Therefore, in your block diagram there must be an additional input block Hf (forward damping) in front of the summing junction having the transfer function Hf=-R2/(R1+R2). The corresponding feedback function in the return pass Hr (you call it beta) is Hr=R1/(R1+R2).

(These expressions result from superposition of both, input and feedback signal, at the inverting input.)

As the result - the closed-loop transfer function is

Acl=Hf * Ao / (1+Hr * Ao)

As you can see, for Ao approaching infinity this expression simplifies to

Acl=Hf/Hr=-R2/R1

Comment 1: (answer to Scott Seidmans question): The following block diagram is nothing else than a visualisation of the following derivation (following Kirchhoffs rules):

Voltage at the inverting opamp input:

Vn=Vin * Hf + Vout * Hr = -Vout/Ao

Vout=- Vin * Hf * 1/(1+Hr * Ao) = - Vin * Hf * [Ao / (1 + Hr * Ao)]

Comment 2: The reader may detect a slight inconsistency between the definitions in the text and the explanations in the above comment1. This "problem" can be solved very easily: In the text, I have assumed that Ao is positive and Hf is negative (due to the fact that the signal input is connected via Hf to the inverting opamp input node).

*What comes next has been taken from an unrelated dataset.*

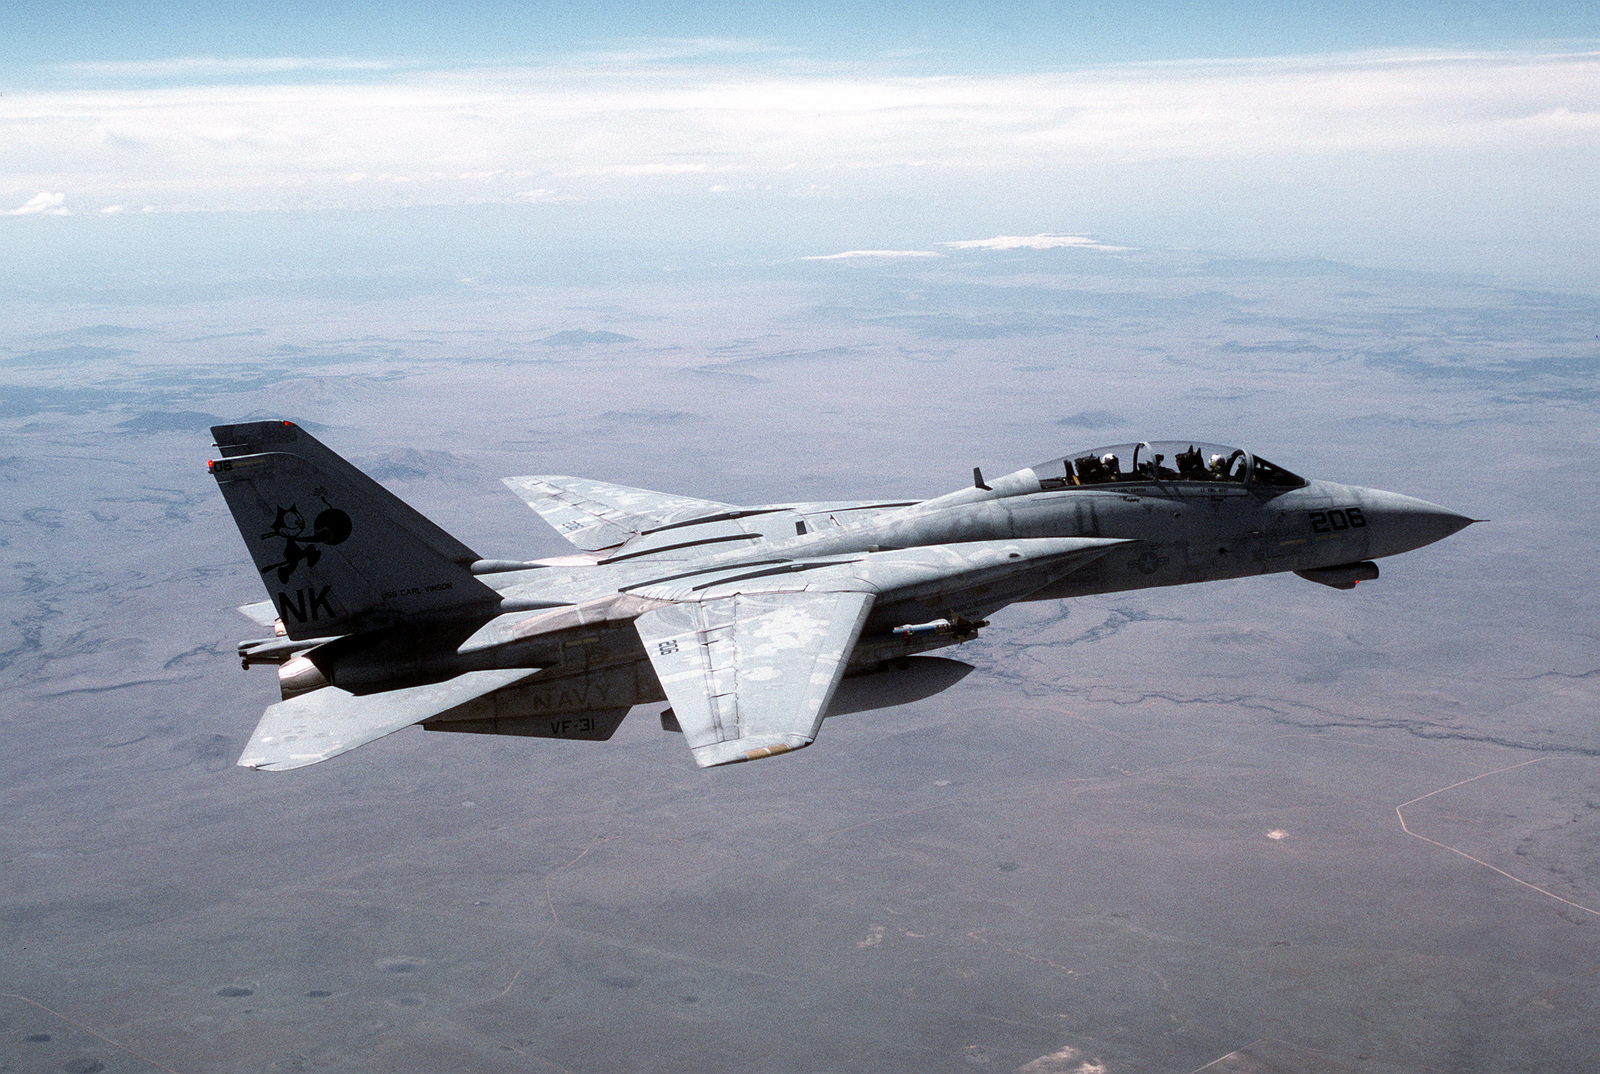 a-side-view-of-an-f-14d-tomcat-from-the-vf-31-tomcatters-as-it-flies-a-close-9e0add-1600.jpg
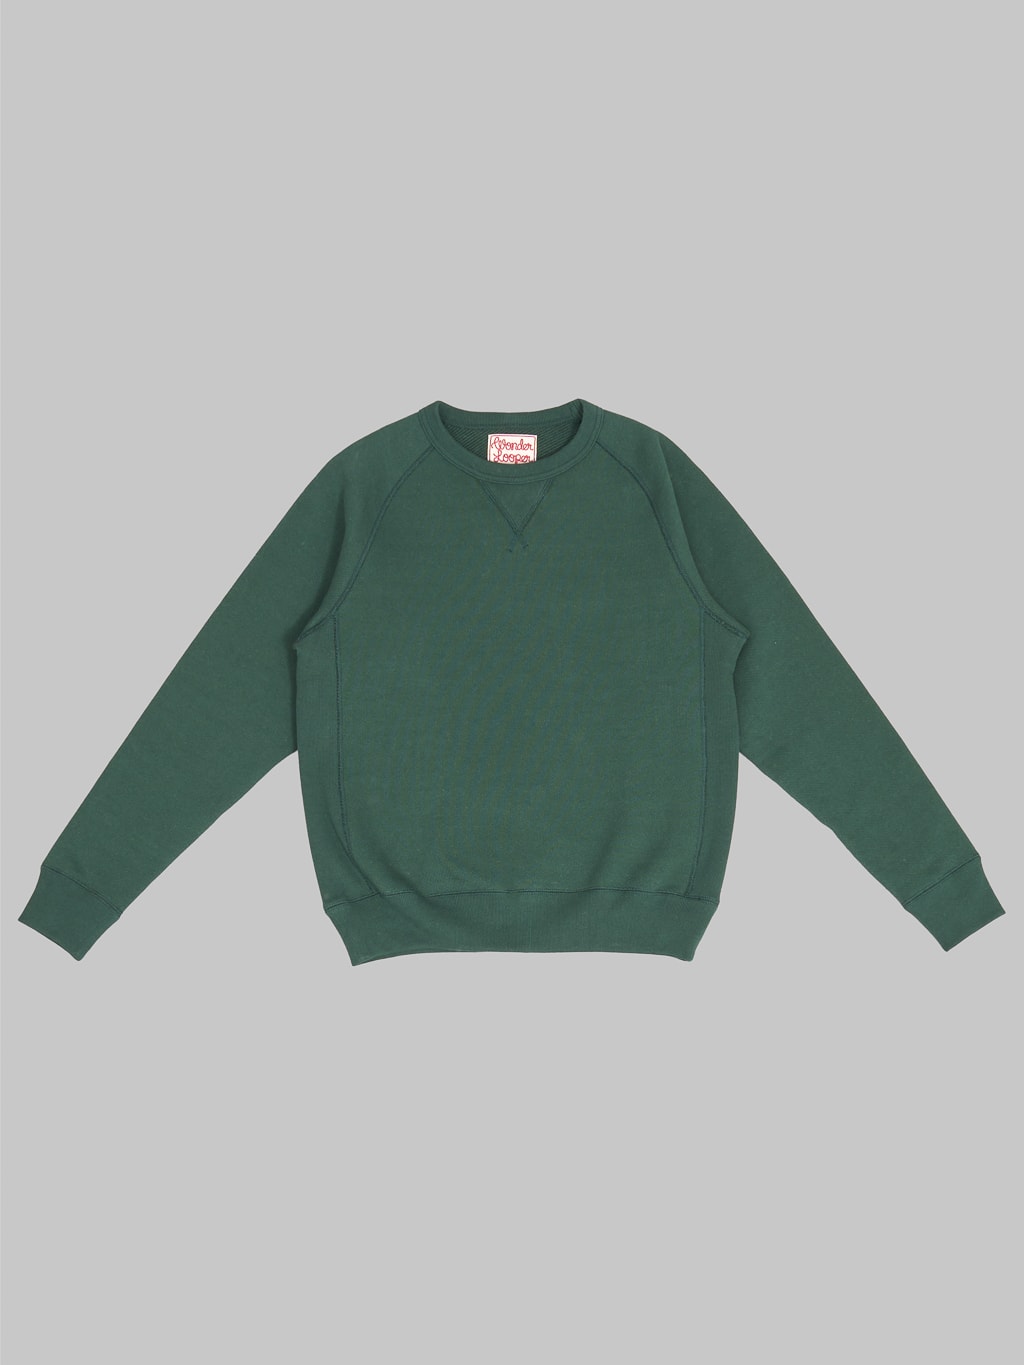 Wonder Looper Pullover Crewneck Double Heavyweight French Terry green front fit

On the other hand, in comment1 the calculation (superposition) was based on a negative Ao and a positive function for Hf. Both assumptions are possible and interchangeable.

Diagram: In this diagram, according to the derivation (main text) the block Hf has a negative transfer function. However, a block diagram manipulation according to the derivation in comment1 is possible: Make Hf positive and Ao negative and change the "-" sign at the summing junction into a "+"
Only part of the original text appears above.